Consumer Centric Communications

Live blog of Pacific Telecommunications Council panel on "consumer-centric communications"

Consumer Centric Communications: I was looking forward to this panel, and my expectations were met and exceeded. There’s a lot of great work being done in areas of e-health and remote communications that the title doesn’t accurately speak to. However, e-health is a good representative area illustrating ways and players addressing global human needs, and the technology that supports it.
David  Sawcer: Pfizer model and tele-health used to analyze questions like why mobile has such a potential benefit but not so great adoption? My experience show that all aspects of successful remote collaborative care, remote monitoring and senseing, and remote access to data and resources. Collaborative care: in military, servicemen would get posted to remote locations with limited health care, generally necessary to evacuate them. We set up a satellite link to joint services hospital, we were able to provide interactions to store-forward info, or interact with local care providers. Was possible to provide diagnosis or treatment questions but had limitations.
Access to data and services: using remote PDAs, drug formulary and interactions database, and online diagnosis (e.g., Up To Date and paid service through university) – didn’t exist until a few years ago, now widely adopted.
Remote sensing/monitoring: in Africa, rural health care, congesitive cardiac care (can be fatal) is common. Is simple question to monitor at local level with bathroom scales (weigh patients), then text in for medical advice (take certain amount of medicines). Unfortunately the program failed when someone stole the bathroom scales. Colleague Elizabeth: when there isn’t a good substitute, alternatives come about organically. On interface part of equation: on patient side, great willingness to use mobile phones or devices (if easy). David: Services most useful when regularly updated with reliable information and was given away free. Technology has to fit the way we work. Costs haven’t been well calculated re: efficiencies, investment; no studies in this area. We talk to the carriers a lot as they’re looking for new areas, but it’s not on their horizon. Pediatric study at UC Irvine and UC San Francisco: got to refer patients on web, by form interface, to appropriate providers. 400 referrals over 4 years shows disparity in usefulness.

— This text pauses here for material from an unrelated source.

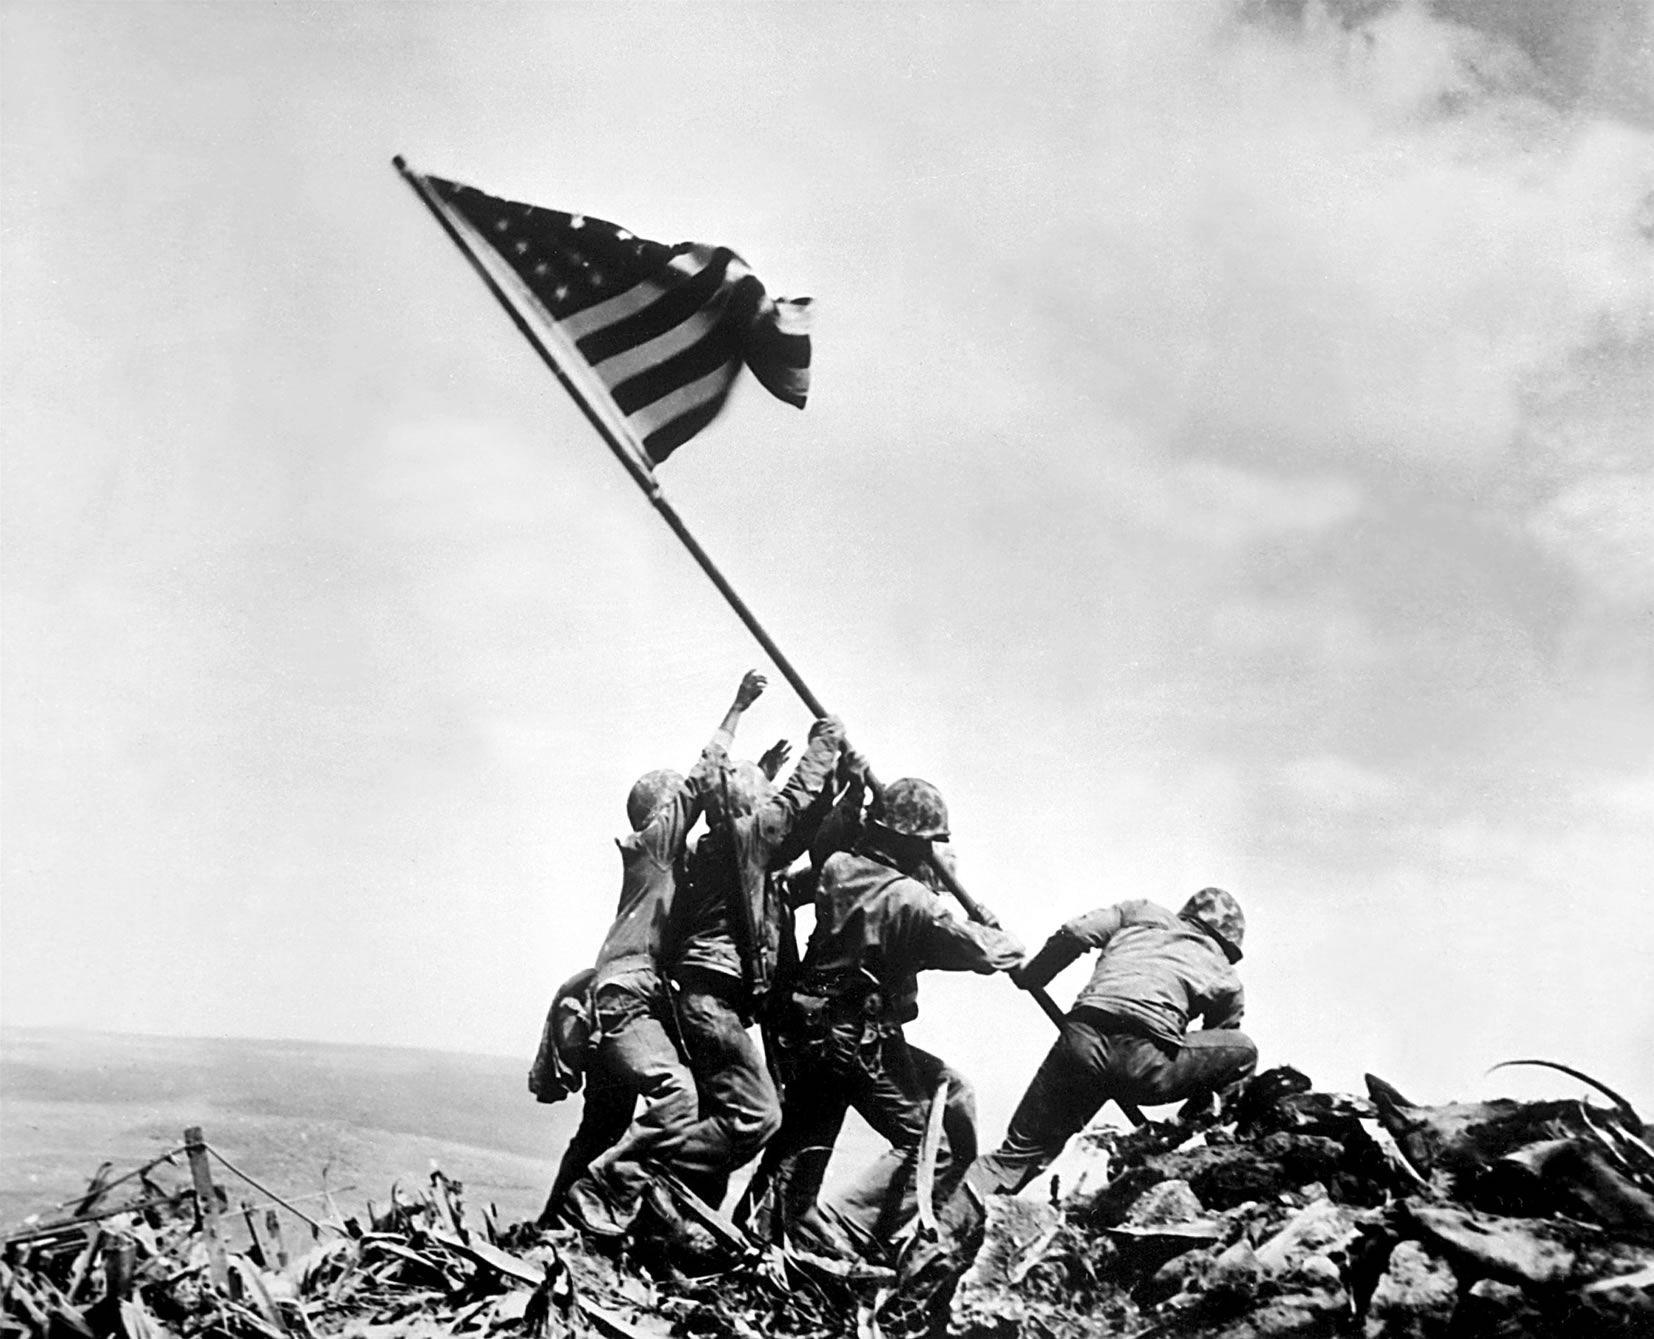 Flag Raising On Iwo Jima February 23 1945 Joe Rosenthal Associated Press Navy From The Crest Of Mount Suribachi The Sta Battle Of Iwo Jima Iwo Jima Iwo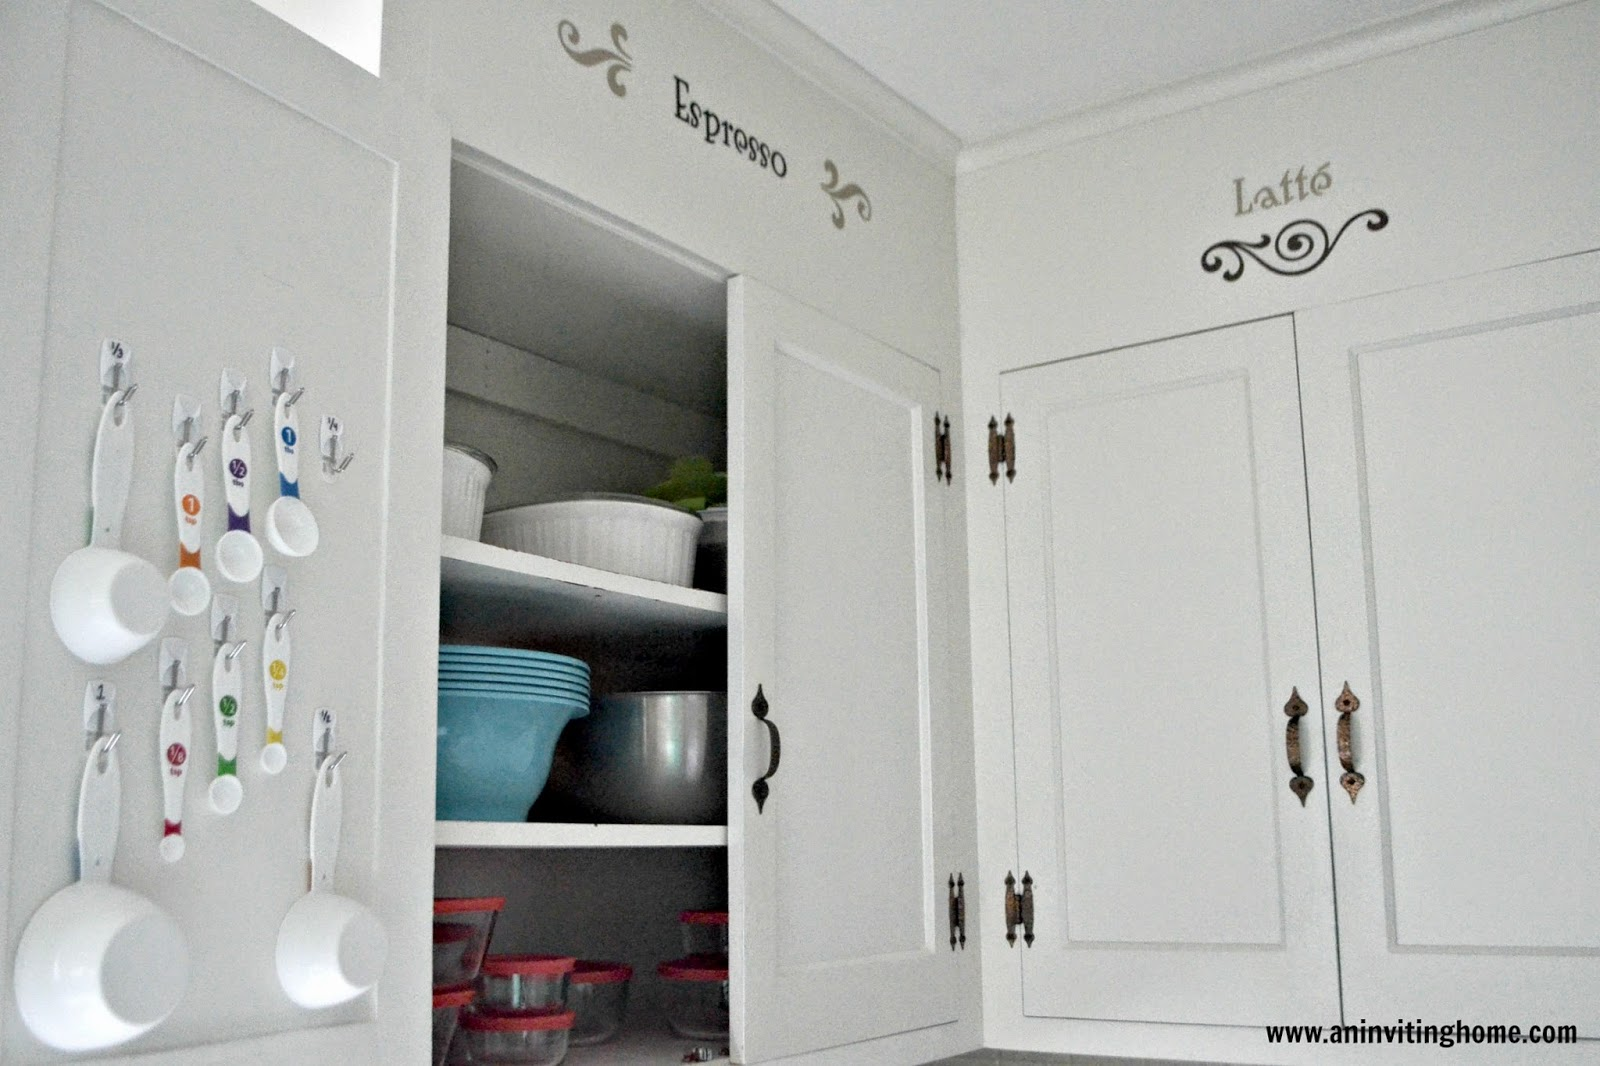 hang measuring cups and spoons on back of cupboard door

Ravi Sharma: Modeling digital flows in the eHealth Eco-system: Strategic implications for players. Example of community center, relatively bandwidth intensive. This market is multi-sided, there is a critical role for telecom network operators (what’s in it for them?). Research questions: 1. identify key stakeholders in this space, model the digital info flows among them. 2. Analyze the values created vs values-captured… Is an ecosystem that encompasses all key players, allows interoperability among them by providing a common platform for interfaces and transactions. Business models: e-commerce based, centrism-based (hospital or provider centric), and platform based (Google; proprietary vs open). Shift in focus from provider-centric to patient-centric models. Time is right to look at electronic personal health records (PHRs). Value of this ecosystem is a function of many components. (Diagram of digital info flow). (Here’s the PDF paper.) Game theory/analysis questions: does value captured justify value created for every player? Does a player stand to lose by opting out of this system? Future work: is a player better off in-system? corresponding value in quantitative terms? what characterizes a win-win business model that makes for a fair, efficient, and stable (sustainable) value network?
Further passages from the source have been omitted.